Thanks to Tricia’s introduction, I recently realized that Google Analytics is such a powerful tool for web analytics or business intelligence. It will fit the special needs if we use SAS to analyze the well-structure users’ data accumulated in Google Analytics. The challenge is that Google Analytics API and SAS hardly meet each other: Google Analytics often serves web/Linux, and SAS dwells in the ecosystems of Windows/UNIX/Mainframe. On a Windows-equipped computer, I tried three methods to pull out this blog’s data from Google Analytics to SAS: they have their own pros and cons.

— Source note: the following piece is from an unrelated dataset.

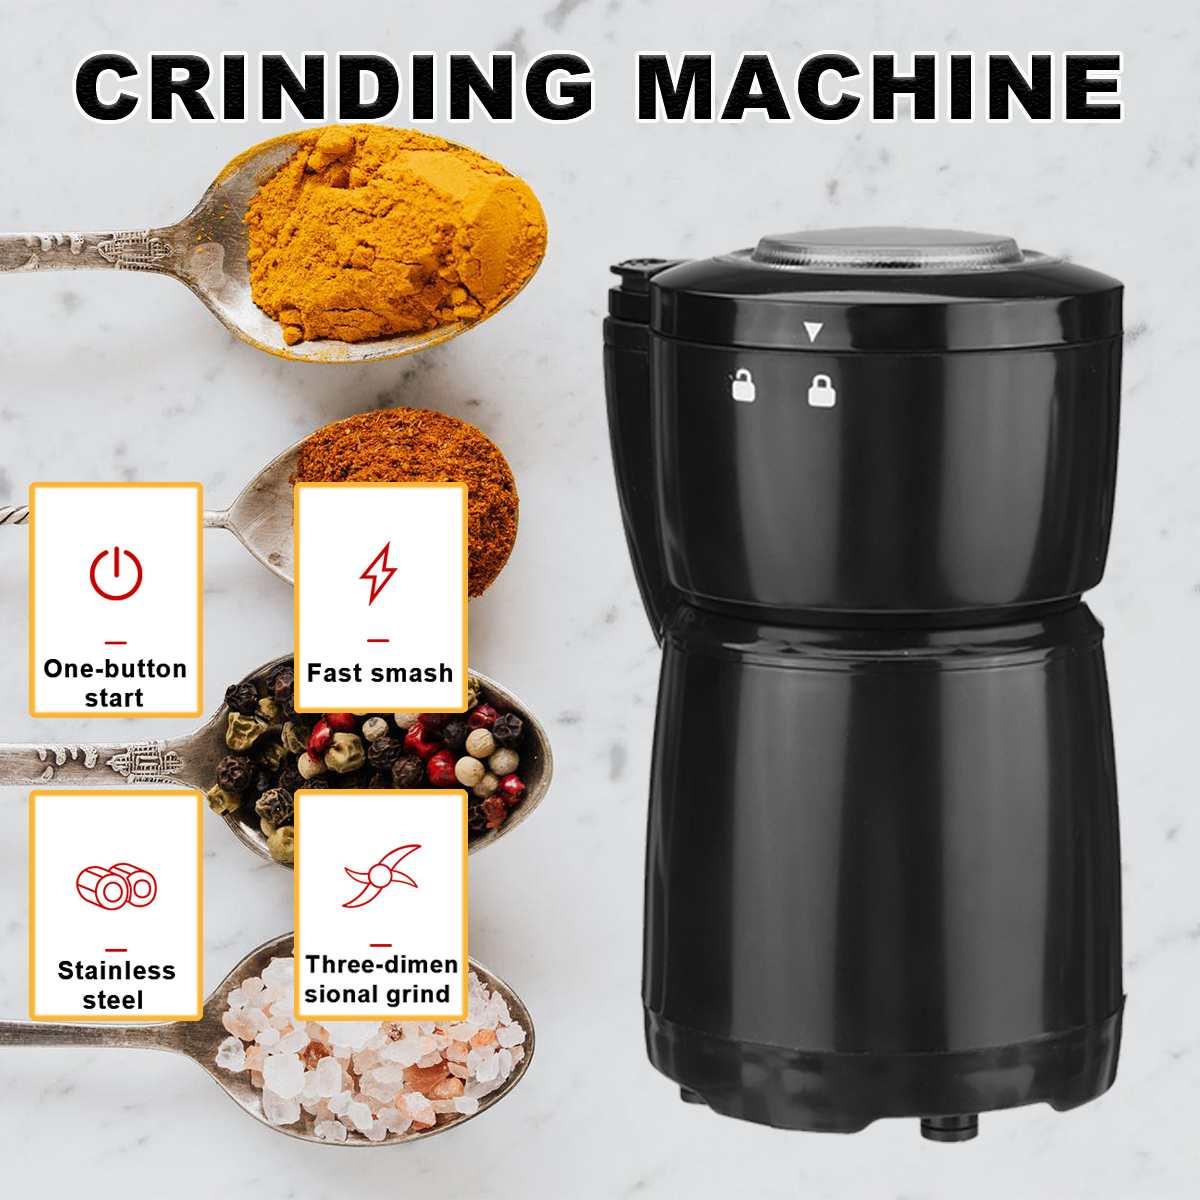 2021New مطحنة بن كهربائية المطبخ الكهربائية الحبوب الجوز الفول مطحنة التوابل متعددة الوظائف المنزلية مطحنة القهوة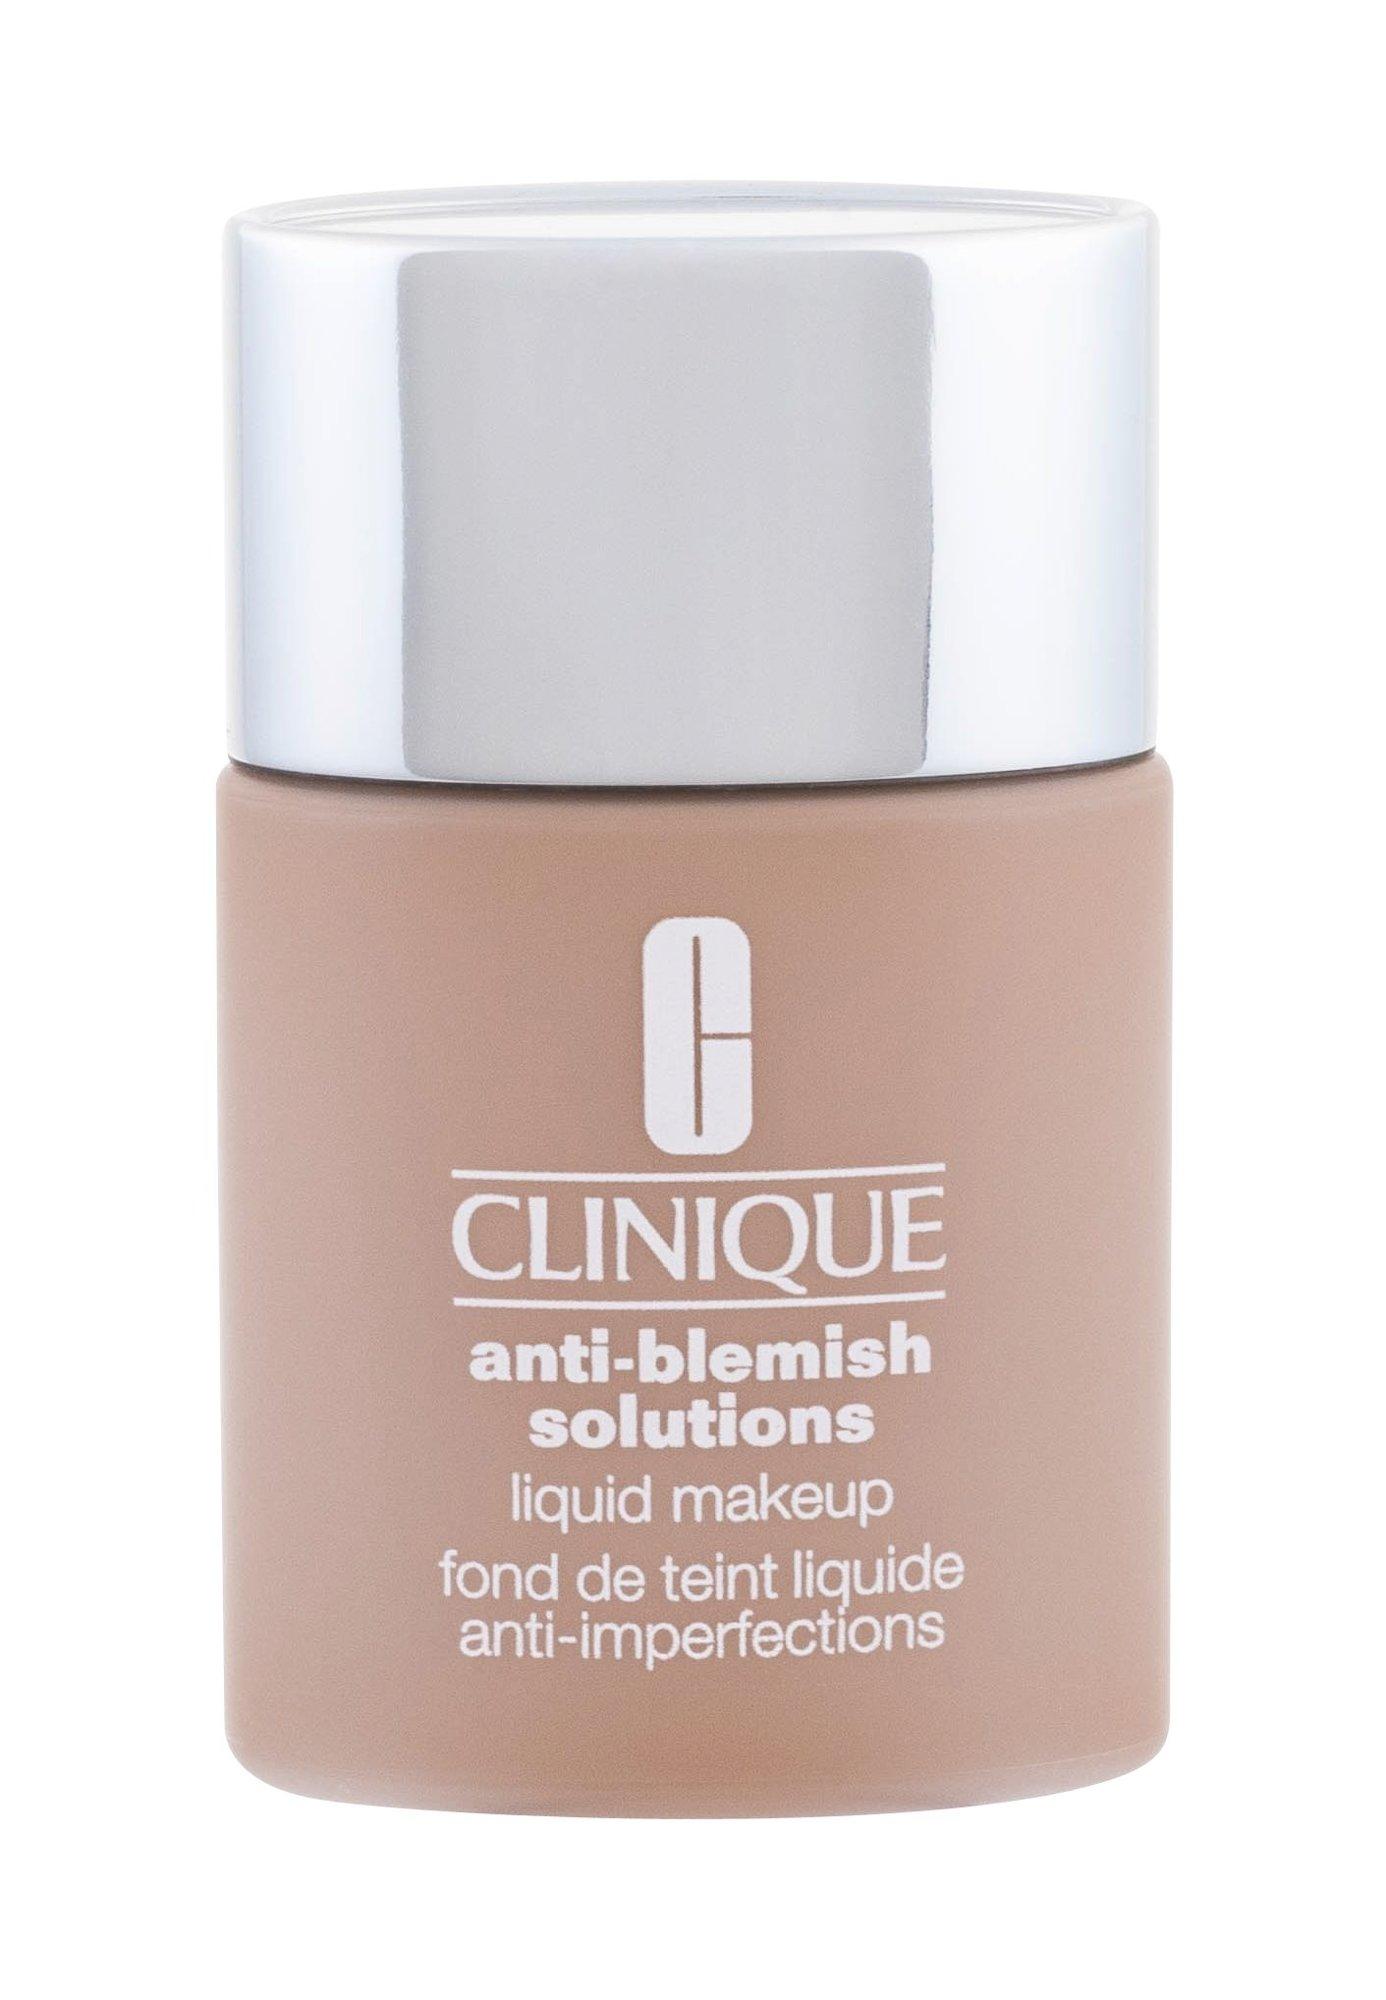 Clinique Anti-Blemish Solutions Cosmetic 30ml 04 Fresh Vanilla

Method 1: CliendLogin + HTTP protocol
The Data Export API of Google Analytics has 3 types of authorization, and ClientLogin is one of them. After downloading a token, the information from Google Analytics can be received through the HTTP protocol. William Roehl has a wonderful paper to describe how to pass the authorization step and then parse the XML data by applying two SAS macros. R’s RGoogleAnalytics package and Python’s GA library are also based the similar principles.
Pros: simple and effective. A client user can choose SAS, R or Python to download data. The codes are all open-sourced and easy to get modified for any particular need.
Cons: they all need cURL to set up SSL connection while downloading data. Since cURL is not built for Windows, it’s really awkward to use cURL on a PC which could fail many attempts.

Method 2: Data Feed Query Explorer
Google Analytics API has a web portal to supply data. It uses a browser to realize the operations in the first method above.
Pros: the easiest solution. The portal provides all options for the metrics, dimensions and segments.
Cons: the data has to be re-structured in SAS. It is getting slow when displaying a lot of results.

Method 3: OAuth + Google’s Python client library
OAuth is another authorization method. To obtain the necessary client’s key and secret for this approach, Google Analytics API has to be activated from Google API Console.
Pros: this authorization method is recommended by Google. The official Python library is very fast. Data downloaded in Python can be saved as CSV and then incorporated by SAS.

Cons: a little complicated. A SAS user has to learn some Python to tweak the codes.

Google Analytics now kicks off a new web interface which has a pretty high learning curve. In my opinion, using it's Data Export API as a front-end database and SAS as a back-end analytics platform will help generate customized models.